|  |  | On the morning of the twenty eighth we slept.  It was a good thing, 
		we told ourselves;  the eyes grow weary with looking at new things;  
		sleeping late, we said, has its genuine therapeutic value; we would be 
		better for it, would be able to work more effectively.  We have 
		little doubt that all this was true, but we wish we could build as good 
		a rationalization every time we are lazy.
 For in some beastly way this 
		fine laziness has got itself a bad name.  It is easy to see how it 
		might have come into disrepute if the result of laziness were hunger.  
		But it rarely is.  Hunger makes laziness impossible.  It has 
		even become sinful to be lazy.  We wonder why.   One could argue, particularly if one had a gift for laziness, that is 
		is a relaxation pregnant of activity, a sense of rest from which 
		directed effort may arise, whereas most busy-ness is merely a kind of 
		nervous tick. We know a lady who is obsessed with the idea of ashes in an ashtray.  
		She is not lazy.  She spends a good half of her waking time making 
		sure that no ashes remain in any ashtray, and to make sure of keeping 
		busy she has a great many ashtrays.  Another acquaintance, a man, 
		straightens rugs and pictures and arranges books and magazines in neat 
		piles.  He is not lazy either;  he is very busy.  To what 
		end?
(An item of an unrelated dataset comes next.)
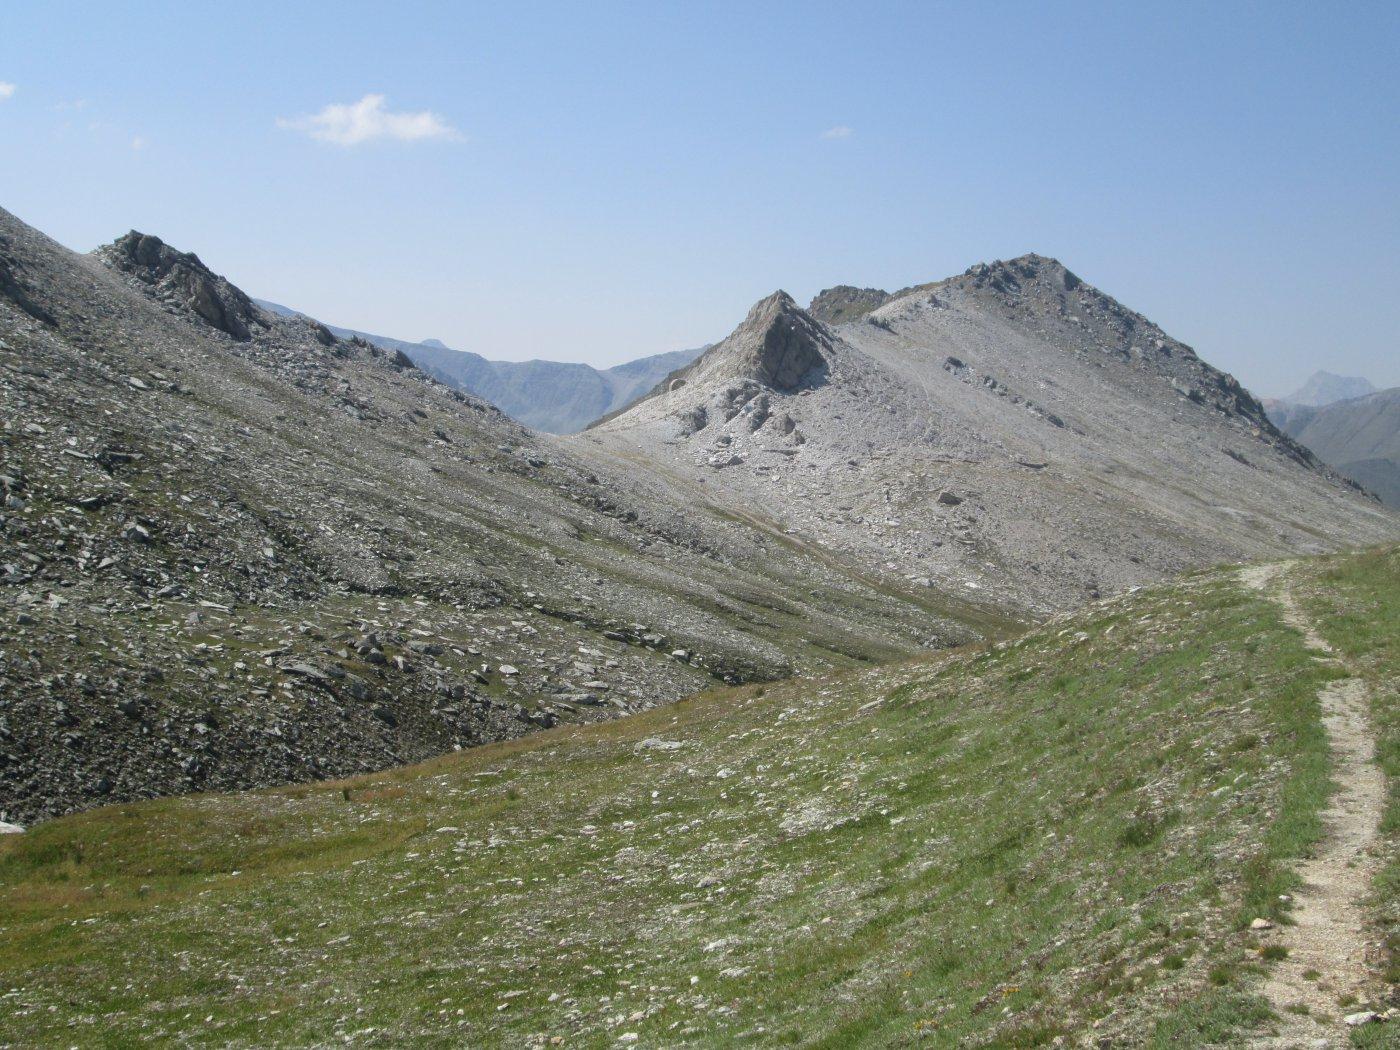 Colle di Reisassetto e monte Pertia

If he should relax and, perhaps with his feet up on a chair and a 
		glass of cool beer beside him - not cold, but cool - if he should 
		examine from this position a rumpled rug or a crooked picture, saying to 
		himself between sips of beer (preferably Carta Blanca beer), "This rug 
		irritates me for some reason.  If it were straight, I should be 
		comfortable;  But there is only one straight position (and this is 
		of course, only my own personal discipline of straightness) among all 
		possible positions.  I am, in effect, trying to impose my will, my 
		insular sense of rightness, on a rug,  which of itself can have no 
		such sense, since it seems equally contented straight or crooked. Suppose I should try to straighten people", and here he sips deeply.  
		"Helen C., for instance is not neat, and Helen C." - and here he goes 
		into a reverie - "how beautiful she is with her hair messy,  how 
		lovely when she is excited and breathing through her mouth."  Again 
		he raises his glass, and in a few minutes he picks up the telephone.  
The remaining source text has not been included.